Le pèlerin ne put s’empêcher de sourire : « Si tes vêtements étaient scrutés par un œil aussi curieux que le tien, dit-il, quelle découverte n’y pourrait-on pas faire !

— Ne dites point cela, » reprit le Juif en changeant de couleur ; et, tirant en hâte son encrier comme pour briser une telle conversation, il se mit à écrire sur un feuillet de papier qu’il appuya sur le sommet de sa toque jaune, et sans descendre de sa mule. Dès qu’il eut fini, il donna le billet, tracé en caractères hébraïques, au pèlerin, en lui disant : « À Leicester, tout le monde connaît le riche Israélite Kirgath Jaïram de Lombardie ; portez-lui ce billet ; il a encore à vendre six armures de Milan, dont la moindre ne serait pas indigne d’une tête couronnée, et dix bons coursiers, dont le moindre pourrait être monté par un roi allant livrer une bataille pour la défense de sa couronne. Il vous remettra, selon votre choix, un cheval et une armure avec tout ce qui pourra vous être nécessaire pour le tournoi. Après la lutte, vous lui rendrez le tout en bon état, à moins que vous ne préfériez en payer la valeur au propriétaire.

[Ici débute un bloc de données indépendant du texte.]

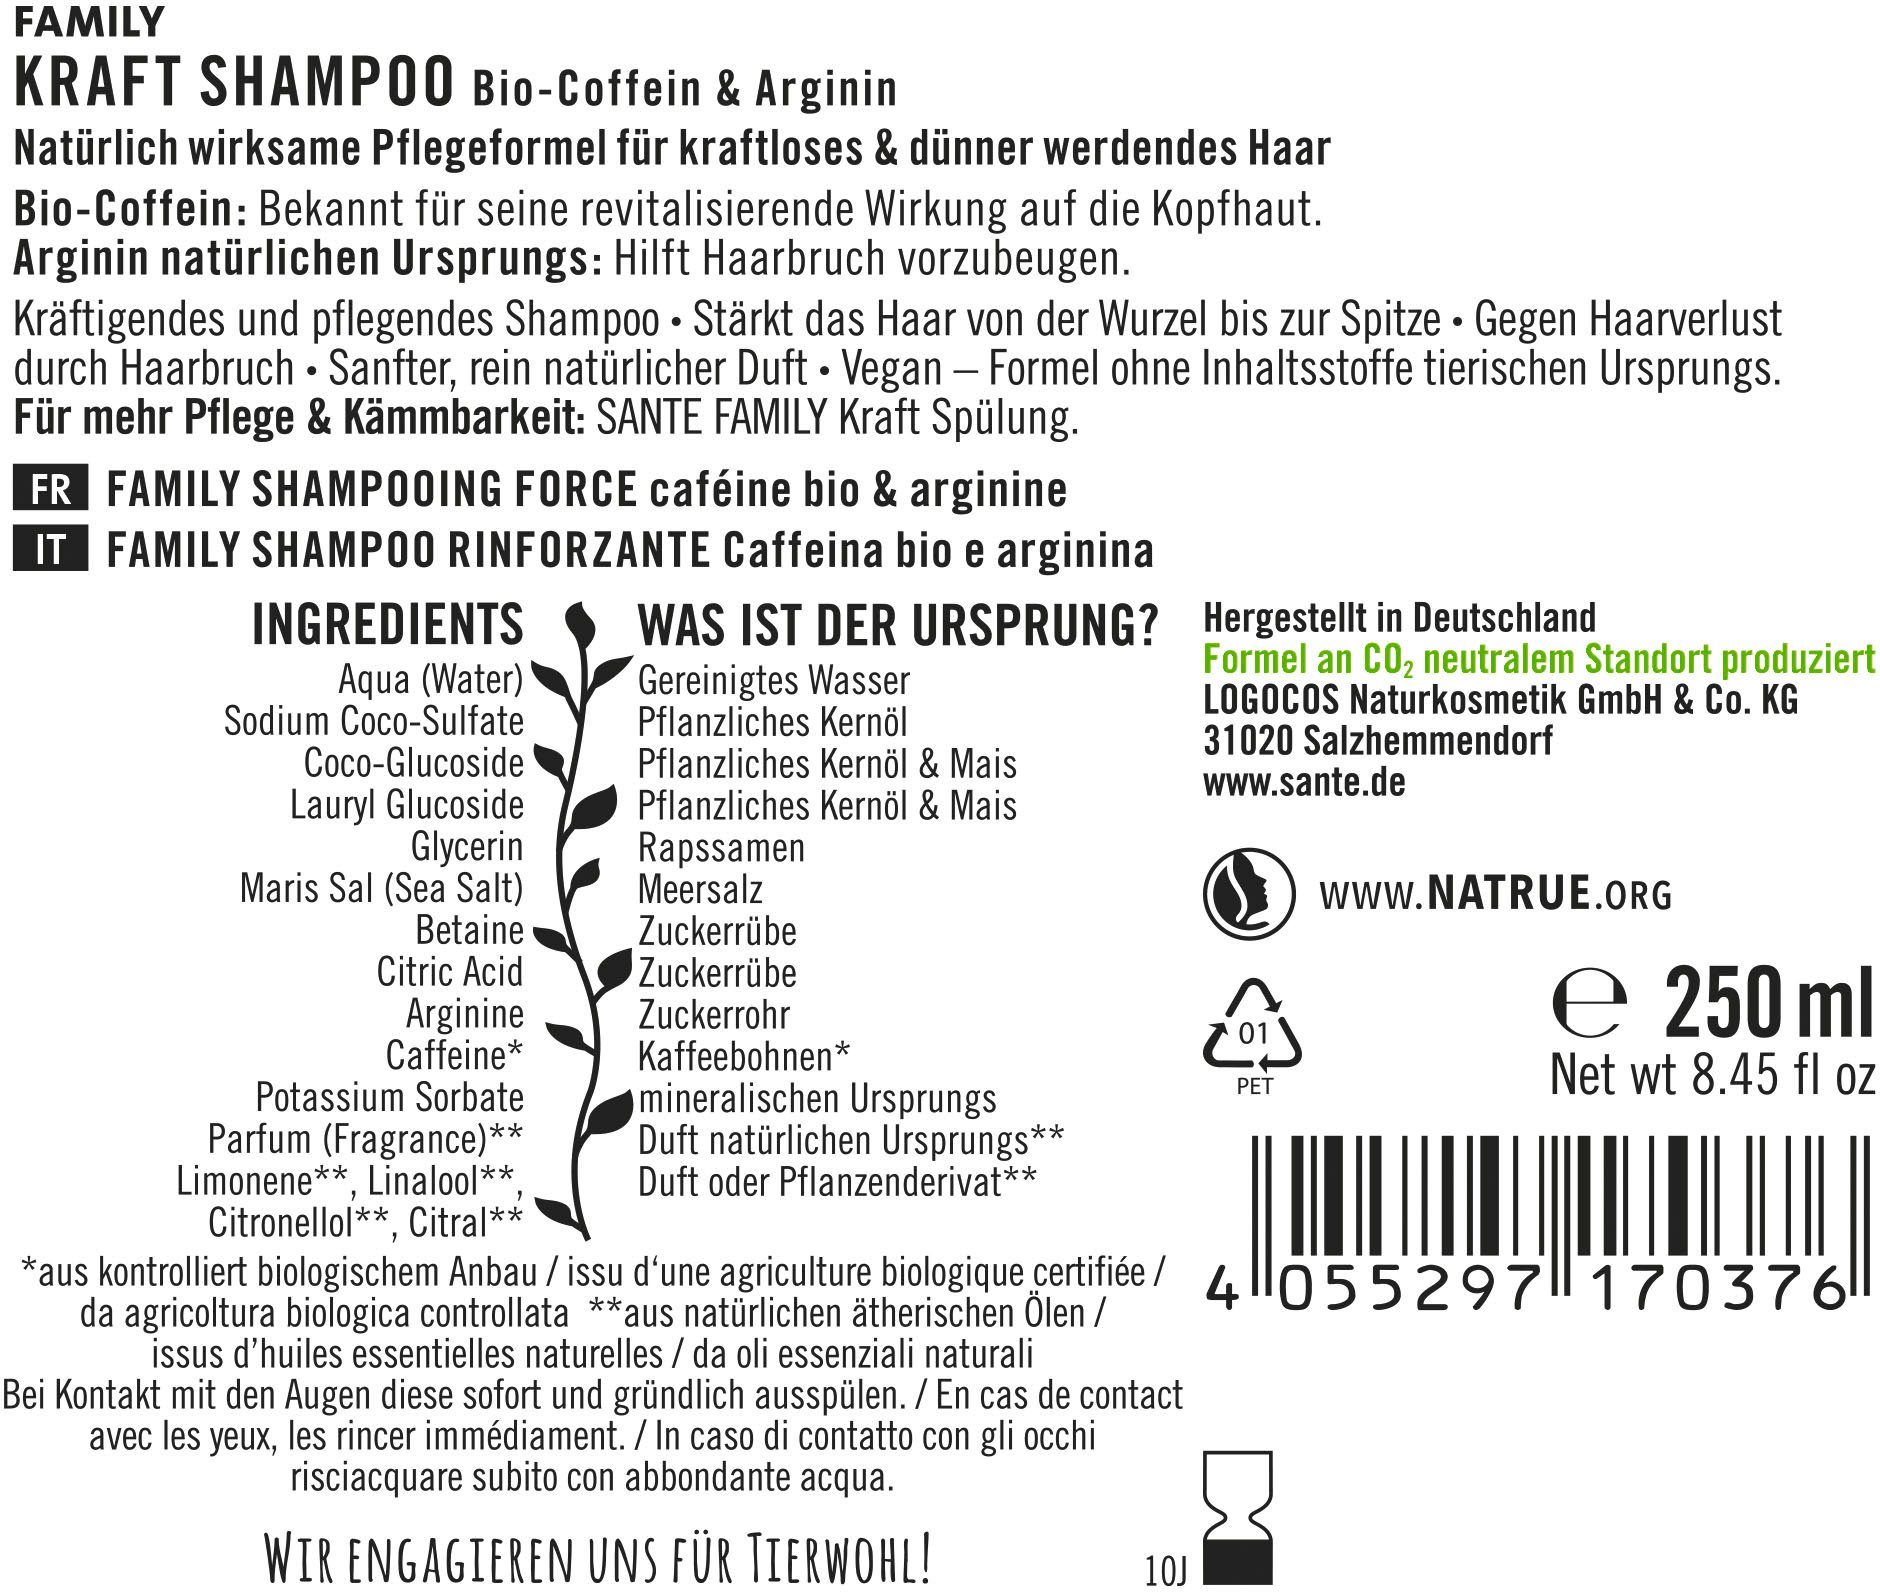 SANTE Shampoo Kraft Haarshampoo

— Mais, Isaac, dit le pèlerin souriant, sais-tu que dans ces jeux les armes et le palefroi du chevalier vaincu reviennent de droit au vainqueur ? Or, je puis être malheureux, et perdre ce que je ne puis rendre ou payer. »

Le Juif parut quelque peu étonné et peiné de cette chance ; mais recueillant son courage, il répondit aussitôt :

« Non, non, non, c’est impossible ; je ne veux pas y songer ; la bénédiction de Dieu sera sur toi ; ta lance sera aussi formidable que la verge de Moïse. »

Disant ces mots, il tourna la tête de sa mule pour s’en aller, quand le pélerin à son tour le saisit par le manteau :

« Non, Isaac, tu ne connais pas encore tous les périls du combat ; le cheval peut être tué, l’armure endommagée, car je n’épargnerai ni l’un ni l’autre ; d’ailleurs les gens de ta tribu ne donnent rien pour rien, et il faudrait que je payasse quelque chose pour m’en être servi. »

Le Juif se tordit sur sa selle comme un homme atteint de la colique ; mais de meilleurs sentiments prédominèrent sur ceux qui lui étaient le plus familiers :

« N’importe, dit-il, n’importe ; laissez-moi partir. S’il y a quelque dommage, il ne vous en coûtera rien ; s’il y a quelque argent de perdu, Kirgath Jaïram l’oubliera pour l’amour d’Isaac, son parent. Adieu ; cependant, écoutez, bon jeune homme, dit-il en se retournant et en grimaçant de crainte ; ne vous emportez pas trop dans ce vain tumulte ; je ne veux pas dire que vous n’exposiez pas trop le cheval ni l’armure ; je veux parler de votre vie.

— Grand merci de ta sollicitude, dit le pèlerin souriant de nouveau ; je profiterai de ta franche courtoisie, et j’aurai bien du malheur si je ne puis en tenir compte. »

Ils se quittèrent et prirent chacun une route différente pour entrer à Sheffield.



  1. Capitaine ou chef de clans ou paysans de la Vieille-Écosse. a. m.